The White House on Tuesday ended two years of ignoring a hugely popular whitehouse.gov petition calling for NSA whistleblower Edward Snowden to be “immediately issued a full, free, and absolute pardon,” saying thanks for signing, but no.

“We live in a dangerous world,” Lisa Monaco, President Obama’s adviser on homeland security and terrorism, said in a statement.

More than 167,000 people signed the petition, which surpassed the 100,000 signatures that the White House’s “We the People” website said would garner a guaranteed response on June 24, 2013.

In Tuesday’s response, the White House acknowledged that “This is an issue that many Americans feel strongly about.”

Monaco then explained her position: “Instead of constructively addressing these issues, Mr. Snowden’s dangerous decision to steal and disclose classified information had severe consequences for the security of our country and the people who work day in and day out to protect it.”

Snowden didn’t actually disclose any classified information — news organizations including the Guardian, Washington Post, New York Times and The Intercept did the disclosing. And the Obama administration has yet to specify any “severe consequences” that can be independently confirmed.

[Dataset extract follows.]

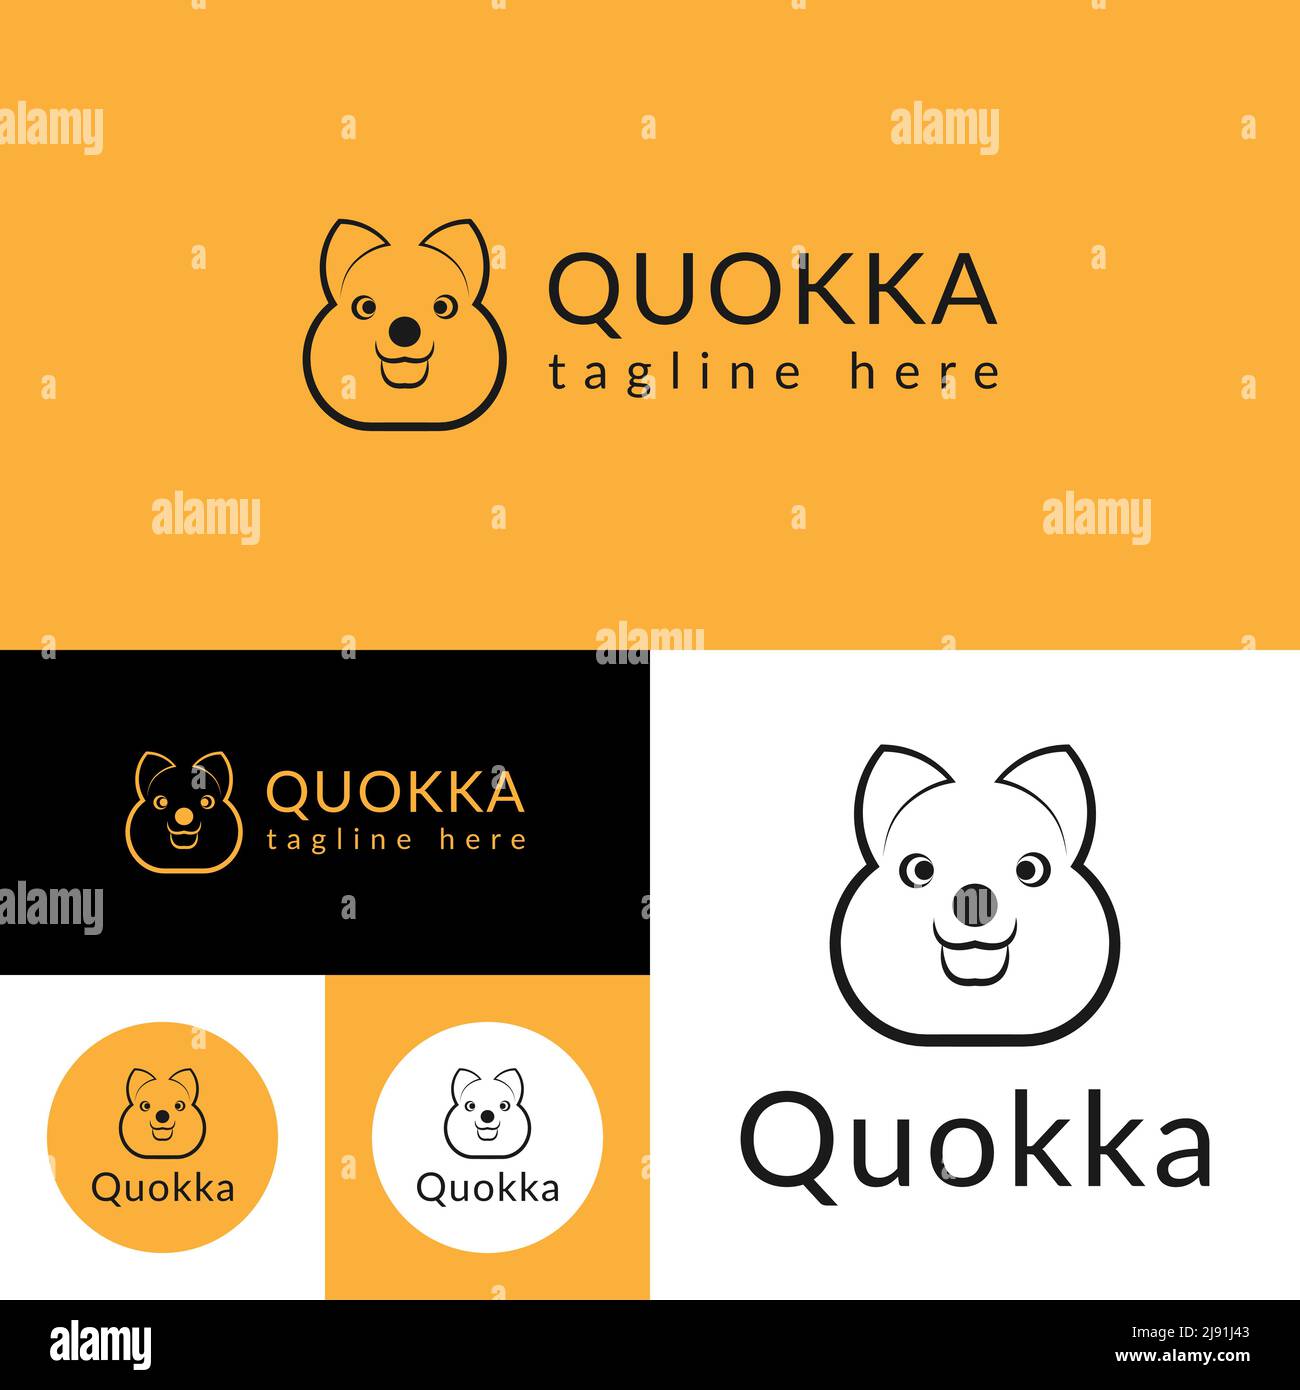 Quokka Font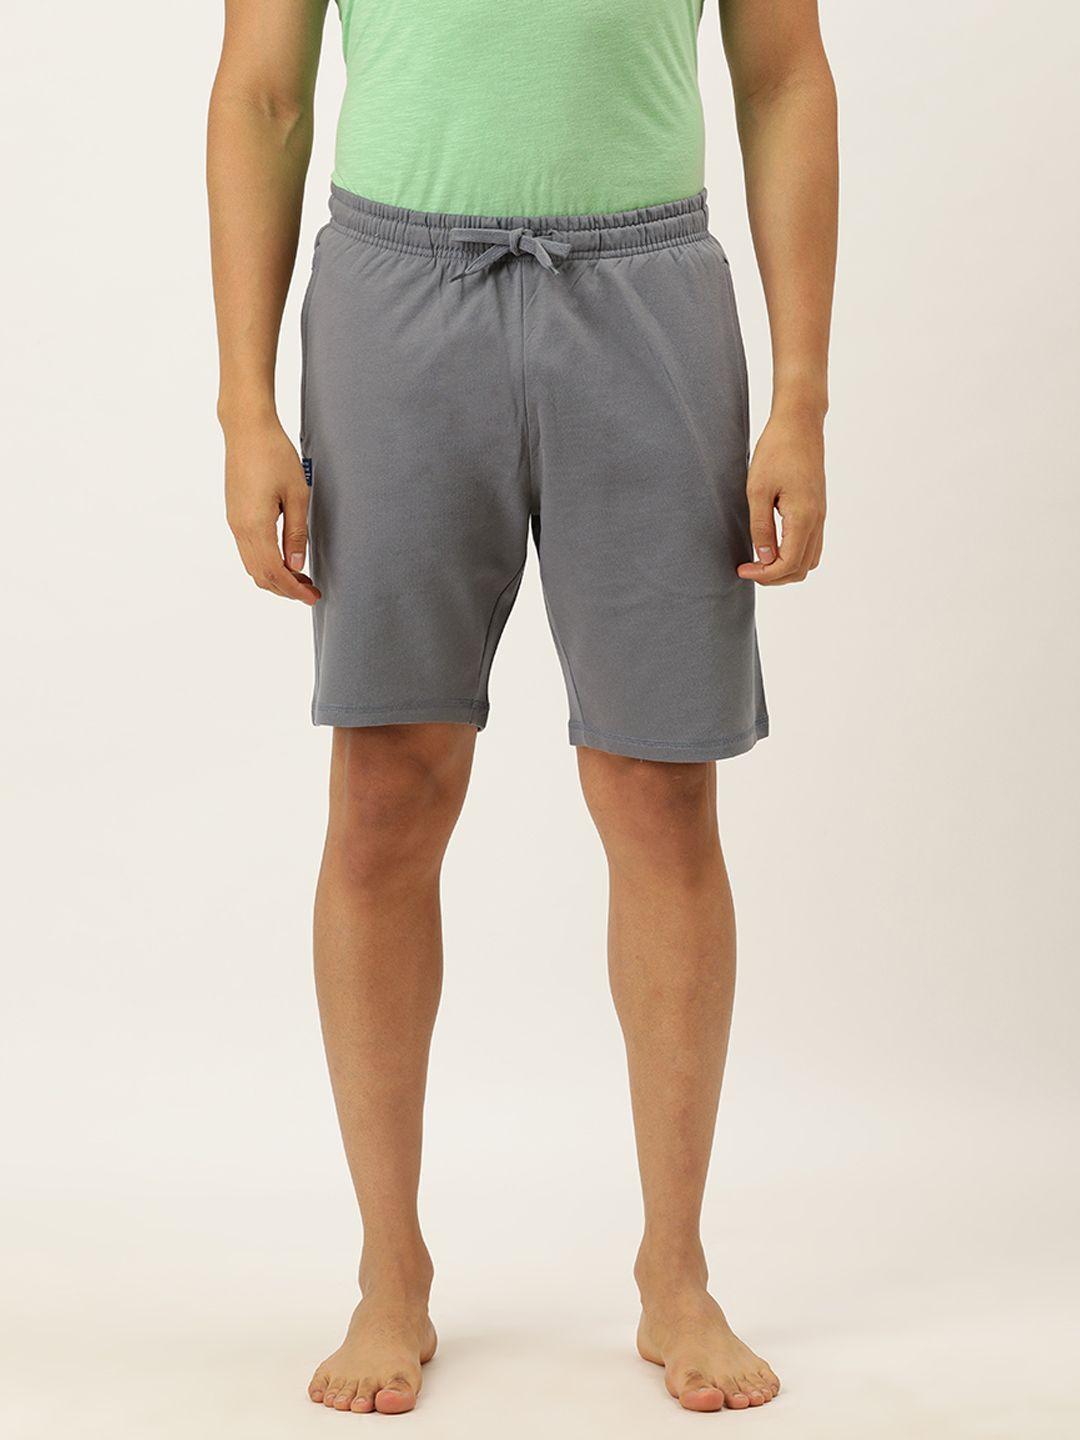 peter england men grey mid-rise regular shorts

Echoing the views of the most hardline Snowden critics, Monaco continued: “If he felt his actions were consistent with civil disobedience, then he should do what those who have taken issue with their own government do: Challenge it, speak out, engage in a constructive act of protest, and — importantly — accept the consequences of his actions. He should come home to the United States, and be judged by a jury of his peers — not hide behind the cover of an authoritarian regime. Right now, he’s running away from the consequences of his actions.”

Intercept founding editor Glenn Greenwald, one of the journalists to whom Snowden entrusted his archive, has frequently responded to that argument, noting that Snowden is willing to accept the legal consequences of his acts — but, were he to come home under the current circumstances, would be barred under the draconian Espionage Act from publicly arguing that his leaks were justified.

The Snowden response was one of 20 responses to what the White House called “our We the People backlog.” The White House had been criticized for avoiding uncomfortable topics despite their popular support.